Off his own bat, Ilam art student Glenn Standring got his third-year short into competition at the Cannes Film Festival. The minimal plot — hipster private eye Lenny Minute dryly narrates, before facing his nemesis, a rampaging giant blue “sheila doll” — allows Standring to conjure up a distinctive collage-styled cityscape, mined from a grab-bag of Americana inspirations: 50s sci-fi, jazz, the hardboiled detectives of Dashiell Hammett, and star Marlene Dietrich. After this early computer-aided short, Standring joined the Gibson Group as an animator, then directed two stylish features.
Auckland troubadour Greg Johnson won the prestigious APRA Silver Scroll songwriting award for 1997 with this moody, tortured love song from his fourth album (his first for a major label), Chinese Whispers. The elegant, uncluttered video was directed and edited by Jonathan King. The video was shot in the Auckland suburbs of Newmarket and Parnell. With a narrative straight out of Hitchcock, Johnson is cast as narrator — and both the victim and accomplice of a blonde femme fatale in what appears to be a murder ... with a mysterious handbag the only clue.
The title provides pointers towards the film noir intentions of this stylish short film. A well-travelled set-up — drifter rolls into a seedy motel diner — springs surprises as the time -travel plot unravels. Jet Black features Leighton Cardno (Shortland Street's Dr Adam Heyward) as Jet, burdened by murderous guilt, and fellow Shortlander Marissa Stott as the winsome waitress. The screenplay was written by director Kezia Barnett, novelist Chad Taylor (Heaven) and adman Karl Fleet. It was part of a series of shorts promoting Schweppes, by advertising agency Publicis Mojo.
As a trench coat-clad protagonist enters the room, the jazzy soundtrack and copious shadows promise a claymation exercise in film noir. But the room advertised in director Barry Prescott’s first short film is no ordinary rental. It soon becomes apparent that a more unusual threat is responsible for the lack of furnishings and tenants — and it threatens the man and his oversized revolver. Television has been accused of rotting brains, but this short takes the allegation to the next level. Unfurnished Room for Rent screened at the Palm Springs and Seattle film festivals.
Veteran producer/director John Laing has worked in film and television in New Zealand, Canada and the UK. His feature films include the Arthur Allan Thomas-inspired Beyond Reasonable Doubt, cross-cultural romance Other Halves and thriller Dangerous Orphans. Laing has also directed a long list of popular drama series for TV, including Go Girls, Nothing Trivial, Street Legal, Inside Straight and Marlin Bay; plus tele-feature Safe House.
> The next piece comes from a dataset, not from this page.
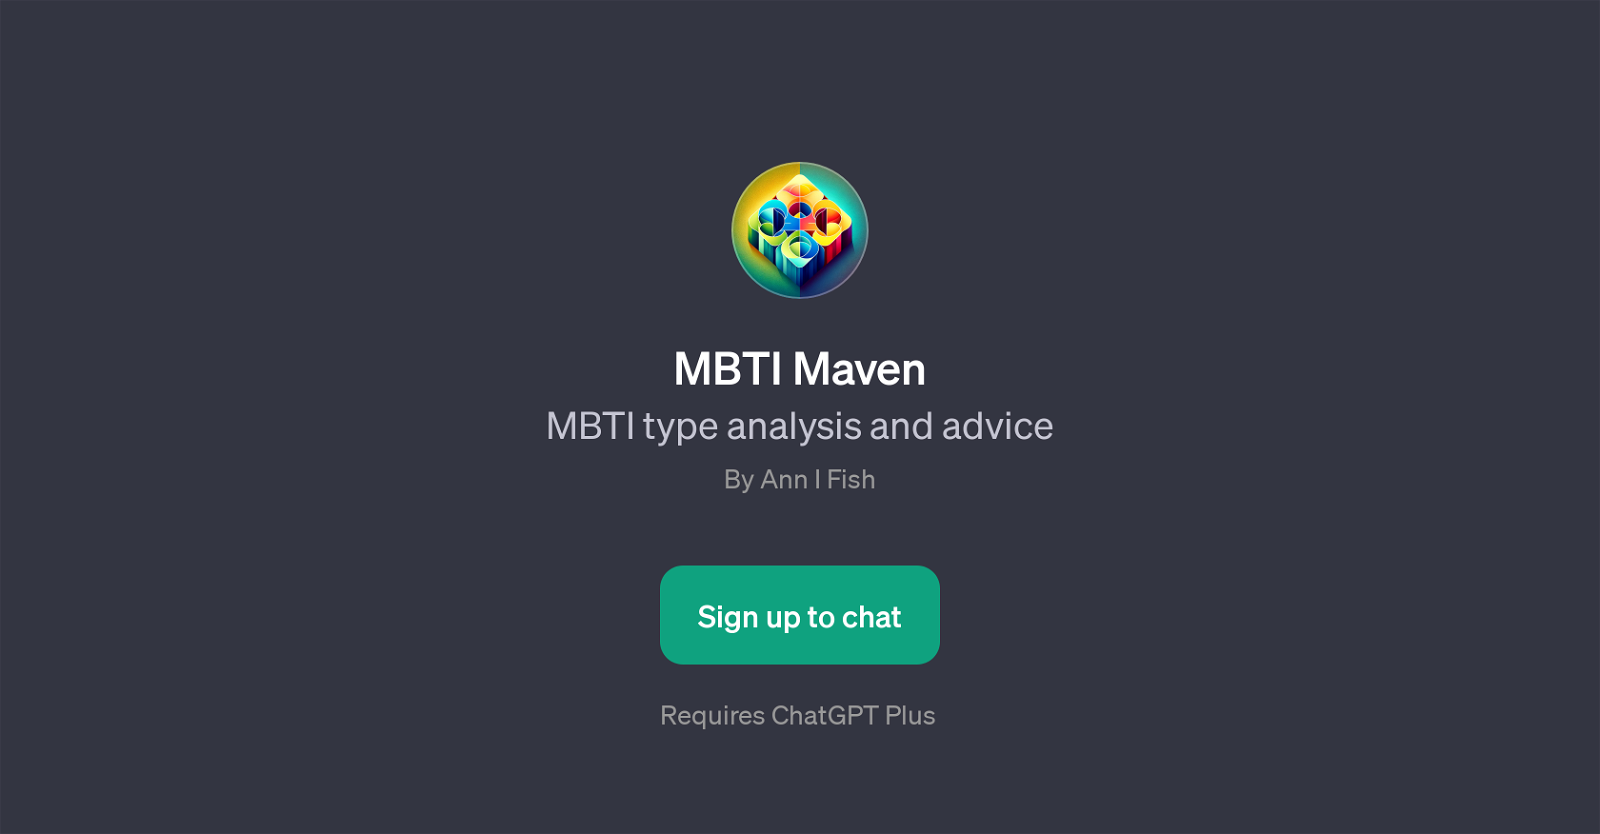 MBTI Maven website

From The Phoenix Foundation’s second album Pegasus, ‘Hitchcock’ is an eerie “electro noir” instrumental tribute to the great film director. Reuben Sutherland’s remarkable clip (which he shot, directed, animated and edited) features a choreographed army of Russian Lada cars — created out of images shot with a stills camera and layered 90 times. What follows is a surreal, conservation-themed revisiting of the Cold War as the electric powered Ladas of the ‘Petrol Crimes Bureau’ are pitted against a gas guzzling 4x4 (bedecked with the Stars and Stripes).